一時的なイベントを挿入してコンポーネントの回復を検証する方法を説明するために、再生式微粒子フィルターのコンポーネントの例を示します。このコンポーネントでは、フィルターの状態が Delay ブロックの状態に格納されます。シミュレーション中に、フィルターの使用率は 20 ~ 80% のノミナル範囲内で徐々に増加します。この使用率は監視され、診断サービスに報告されます。代表的な再生モードも示します。再生が有効になると、フィルターの使用率は急激に低下します。

DemInjectFilter.png

このコンポーネント内でも、診断サービス Test Failed ビットをクエリします。フィルターがしきい値の使用率に達したことを示す立ち上がりエッジが検出された場合、"isRegenerating" データ ストアを true に設定することでコンポーネントは再生サイクルに入ります。

DemInjectMonitor.png

このコンポーネントの自己回復を検証するために、以下に示すテスト ハーネス モデルを作成しました。具体的には、フィルターが使用率のノミナル範囲内にとどまっており、診断イベントの発生時に正しく再生サイクルに入り、そのサイクルから出ることを検証します。コンポーネントのシミュレーション時に、必要に応じて固有の診断イベントを起動することで再生サイクルとノミナル使用率サイクルが絶えず切り替わる必要があります。また、コンポーネントがランタイム環境 (RTE) から診断イベントを受信した場合に再生サイクルをトリガーできることもテストします。

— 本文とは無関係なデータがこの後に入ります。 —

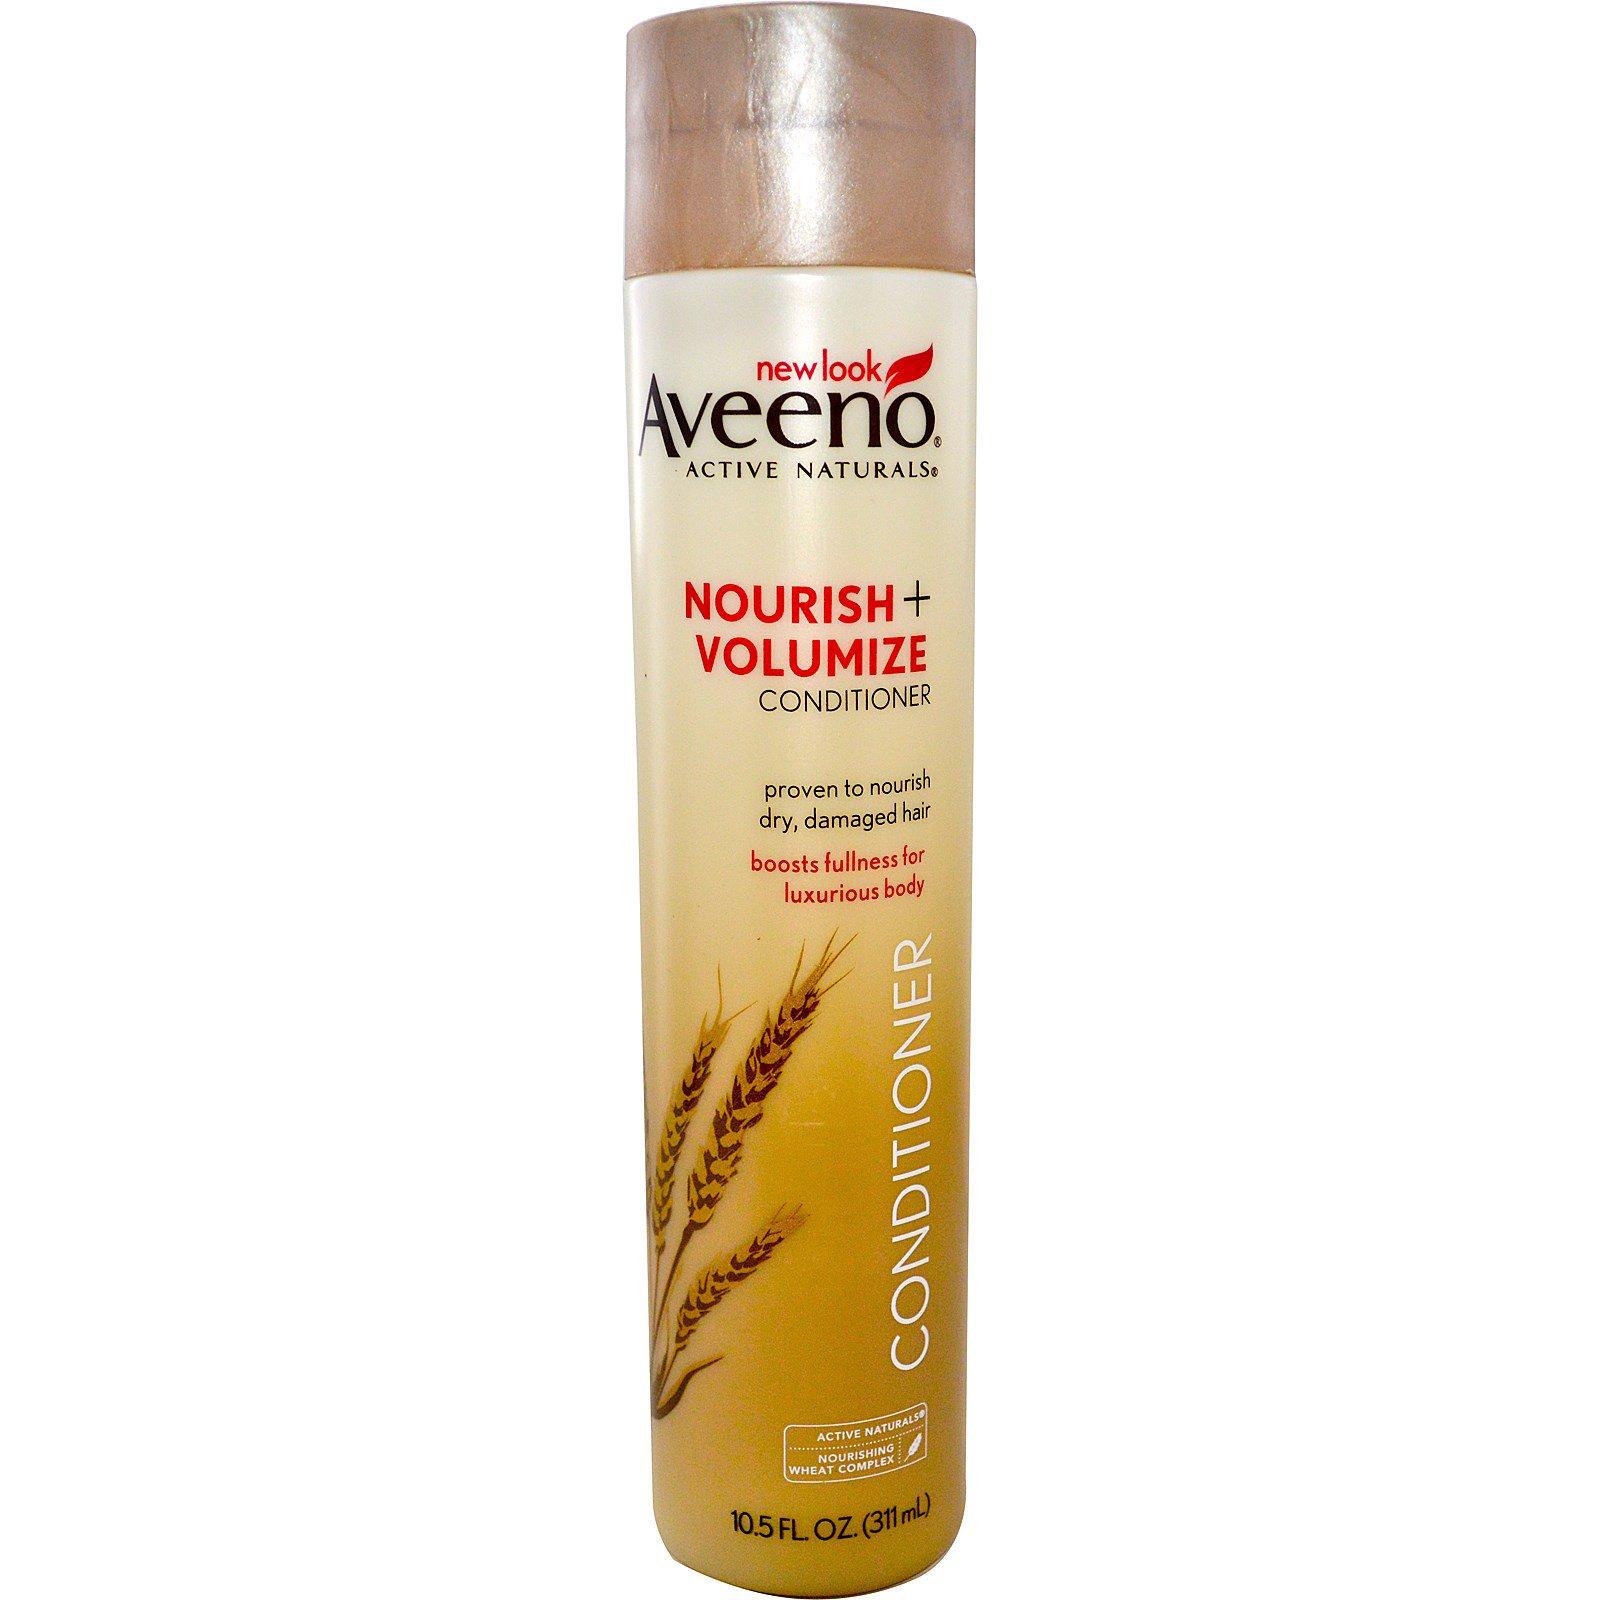 Aveeno, Active Naturals, Nourish+, Volumize Conditioner, 10.5 fl oz

テスト ハーネスは、そのダッシュボードに表示されているゲージでコンポーネント フィルターの使用率を示します。Diagnostic Service Component ブロックは、Diagnostic Event Manager の呼び出しのシミュレーションを提供します。ハーネスでコンポーネント モデルのシミュレーションを実行すると、フィルターが 80% まで徐々に増加し、サイクルを繰り返す前にフィルターが再生されるため 20% に急激に低下することがゲージに示されます。

RTE によって提供される診断イベントから再生をトリガーできることを検証するには、Dem Status Inject ブロックを使用します。ブロックは EventId 1 を使用するように指定されており、これは診断サービス コンポーネントで定義されているコンポーネントのクライアント ポートと一致します。障害タイプは Event Fail に設定されており、イベントが挿入されると Test Failed ビットが true に設定されます。テスト ハーネス モデルで、ダッシュボード ボタンを使用して障害の挿入をトリガーできます。あるいは、自動テスト構成のためにこの障害を入力信号ソースから指定することもできます。テスト ハーネスでコンポーネントをシミュレートすると、フォールト挿入に対するその応答がわかります。上限しきい値に達していなくてもゲージが低下し、コンポーネント モデルが再生サイクルに入ったことがわかるため、ダッシュボード ボタンを使用して障害を挿入したタイミングがわかります。このモデル例は無限に実行されるように構成されているため、[停止] をクリックしてシミュレーションを終了する必要があります。

open_system('autosar_bsw_inject_test');

DemInjectModel.png

この例では、Dem Status Inject ブロックを使用してコンポーネントの回復をテストする方法を示しました。この具体的な例ではスコープが狭くなっており、Test Failed ビットに焦点を当てていましたが、Dem Status Inject ブロックを使用して、Unified Diagnostic Service (UDS) ステータス バイトの各ビットで任意の組み合わせを作成するように構成できます。

DemInjectDialog.png

一般に、Dem Status Inject ブロックを使用して、UDS ステータス バイトのビットを手動でオーバーライドできます。このブロックは、シミュレーションを実行してそのステータスをモデル内の他のブロックに合わせて更新し、回復を示します。Function Inhibition (FiM) などの下流サービスは、シミュレーション全体を通じてこのステータスに合わせて応答します。